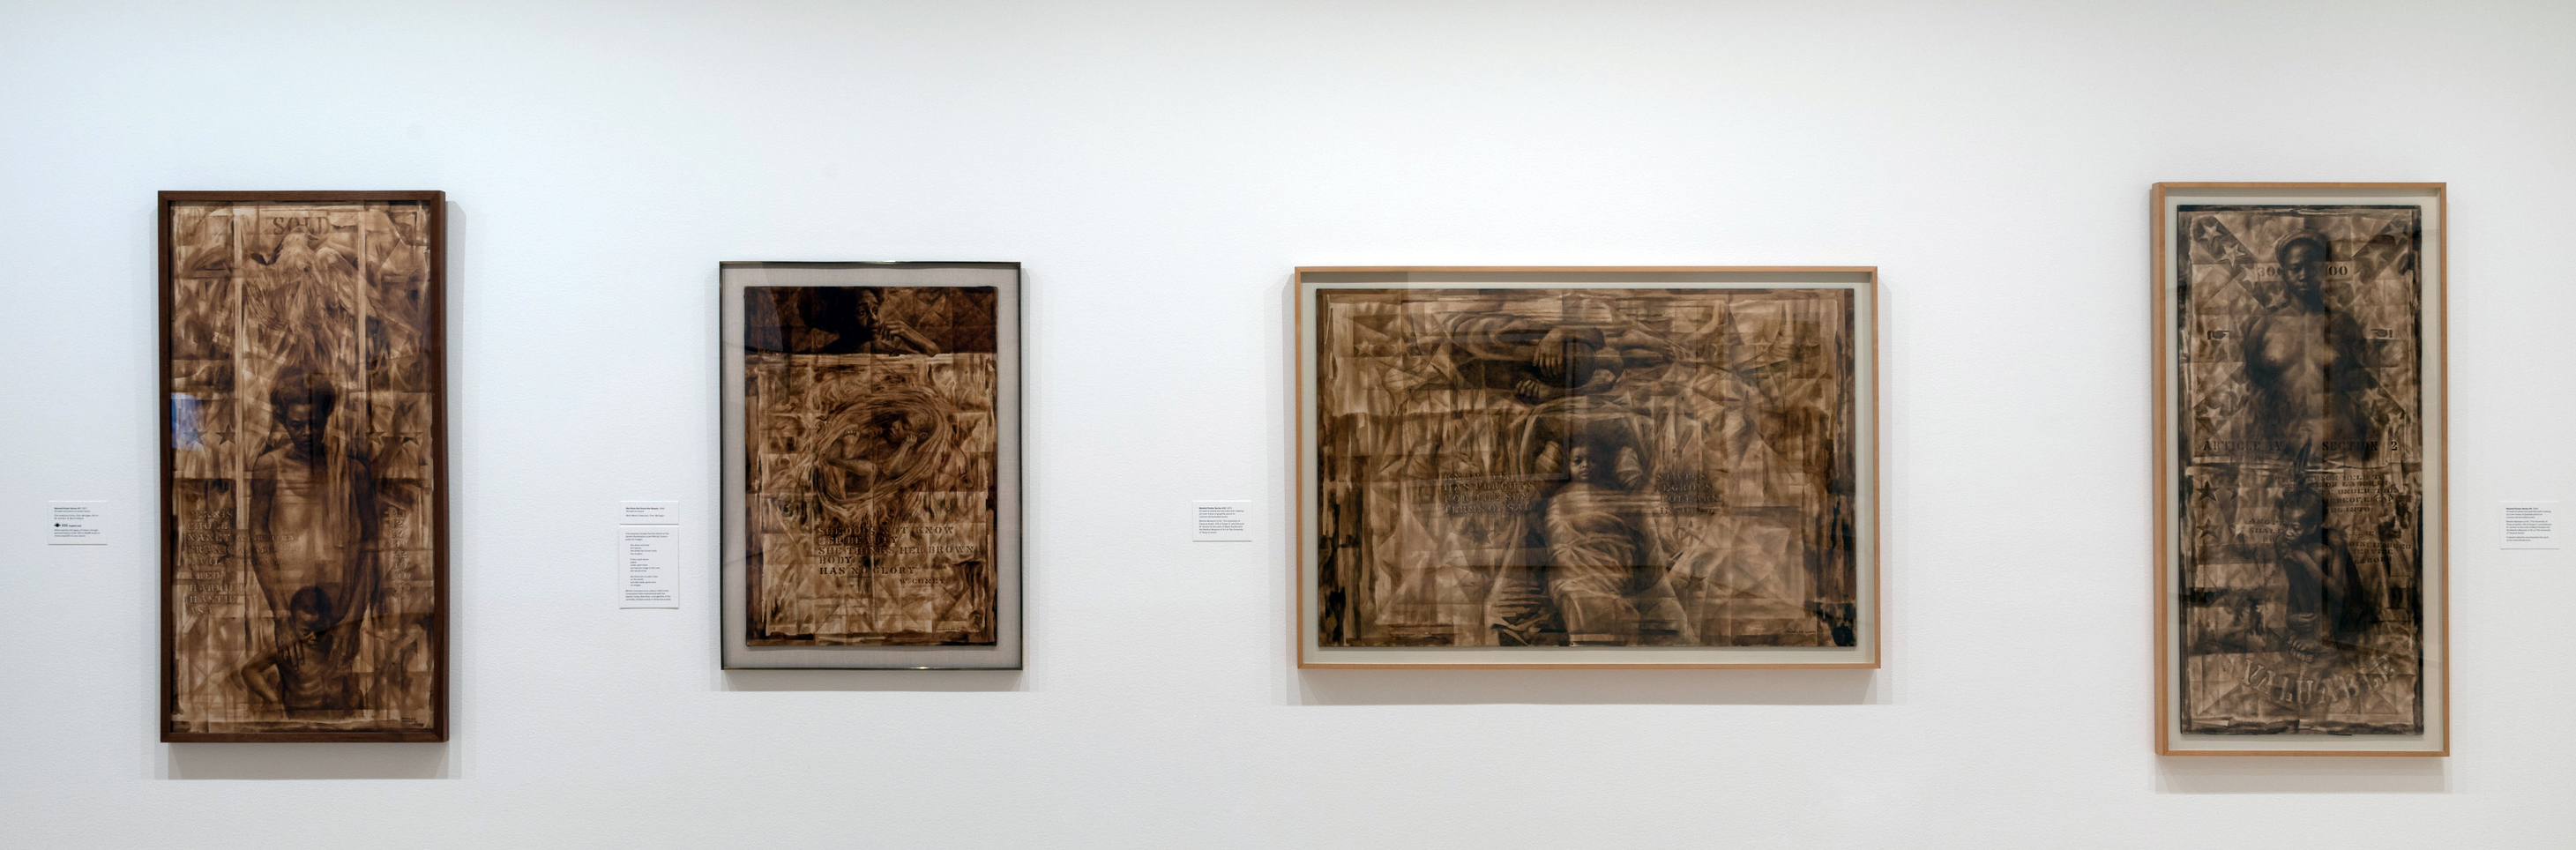 Charles White MoMA, NYC – Detroit Art Review
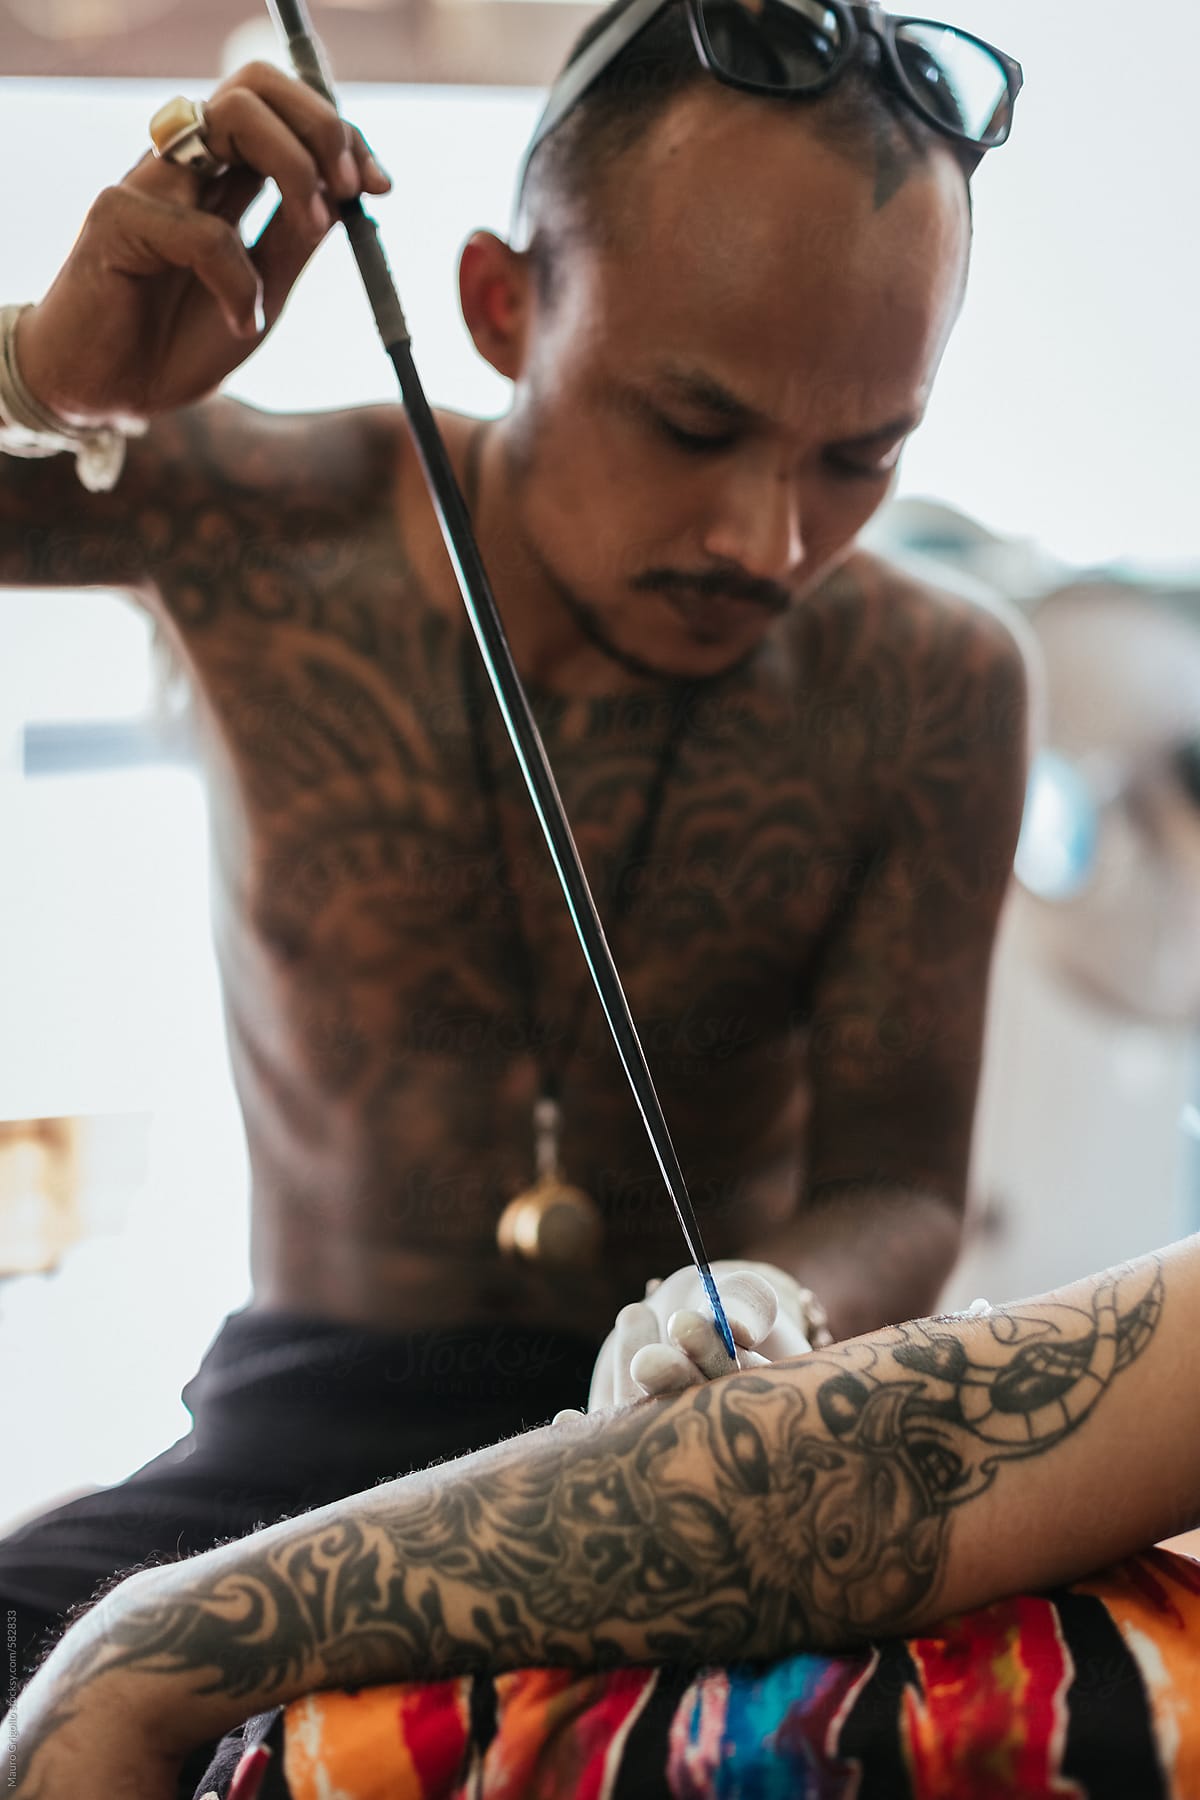 Tattoos in Japan: The eye-watering art thousands cross the world for
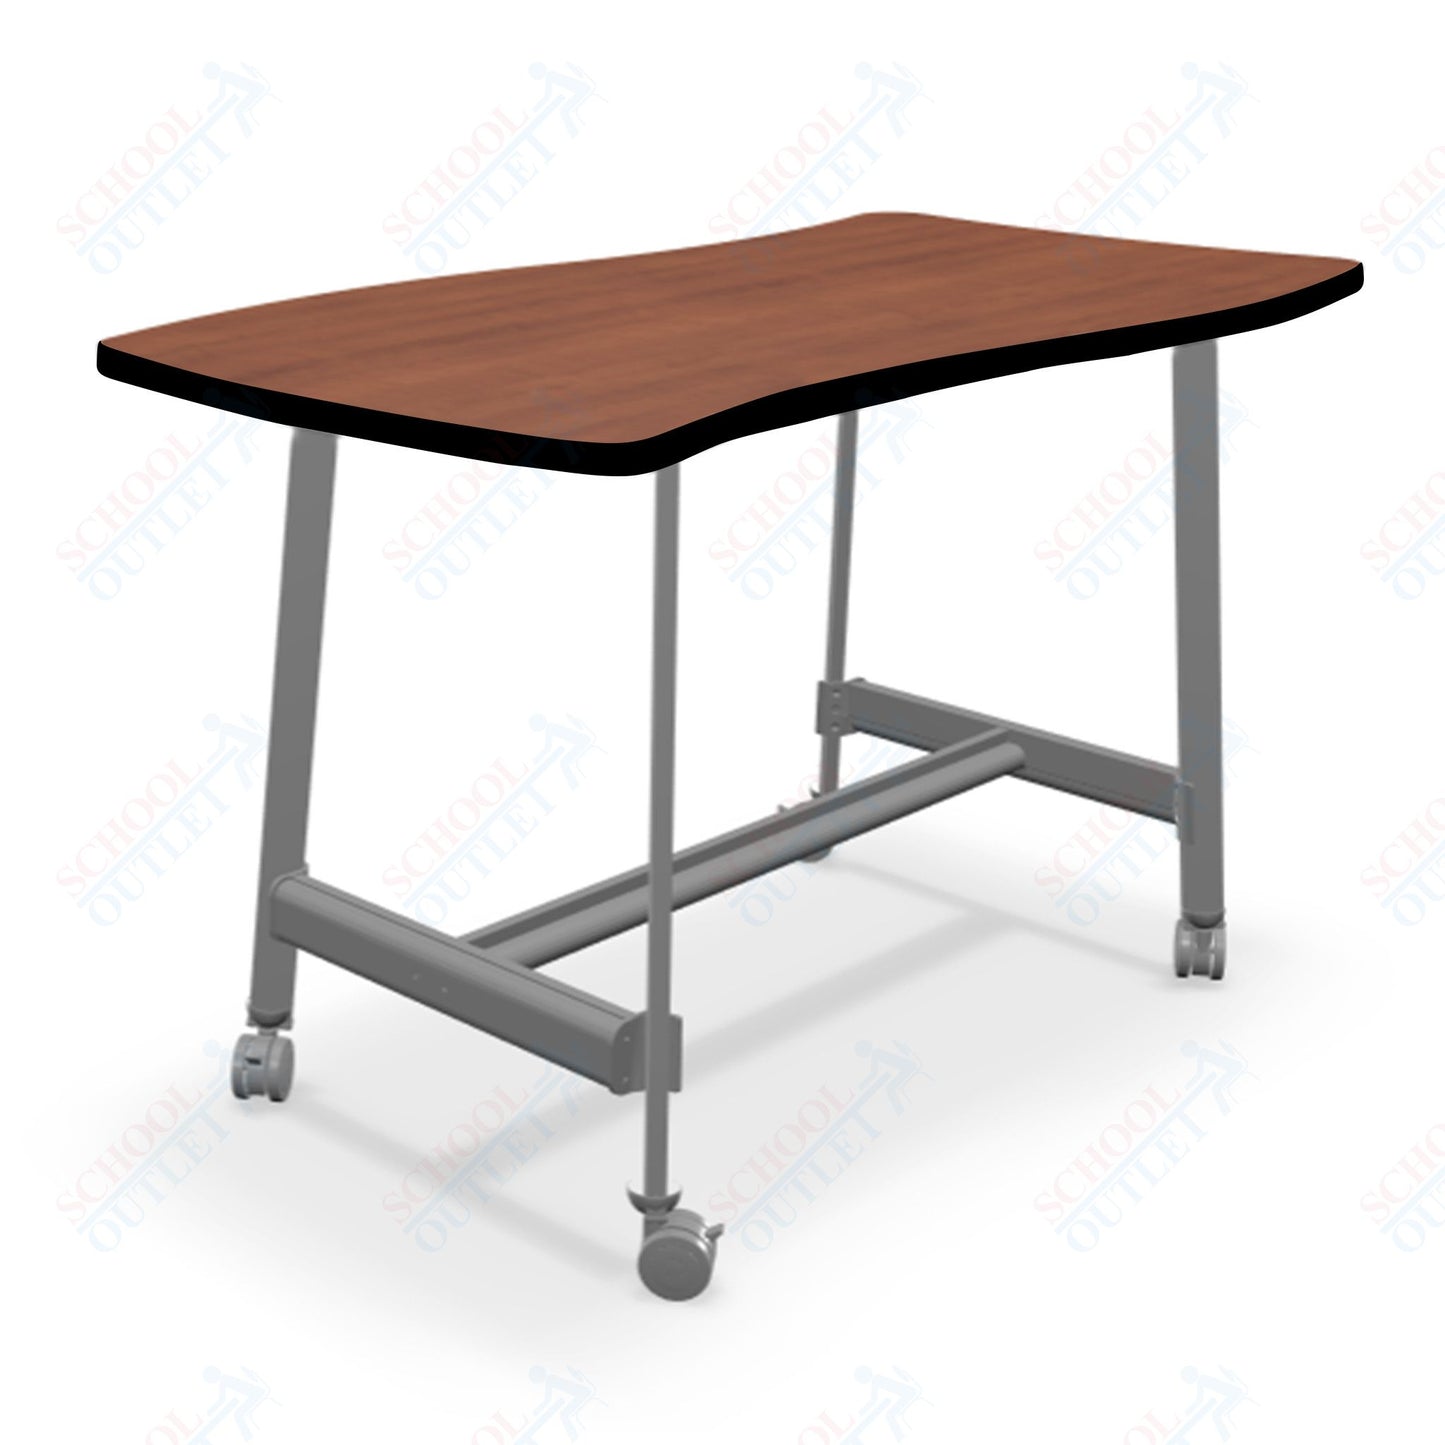 Mooreco Akt Table – Wavy Rectangle, Laminate Top, Fixed Height Available in 29"H, 36"H, or 42"H

▸ **WHAT THE EXERCISE ASKS**
Print the data above exactly, minus pictures.

▸ **TASK RESULT**
 Charles White MoMA, NYC – Detroit Art Review
 Tattoos in Japan: The eye-watering art thousands cross the world for
 Mooreco Akt Table – Wavy Rectangle, Laminate Top, Fixed Height Available in 29"H, 36"H, or 42"H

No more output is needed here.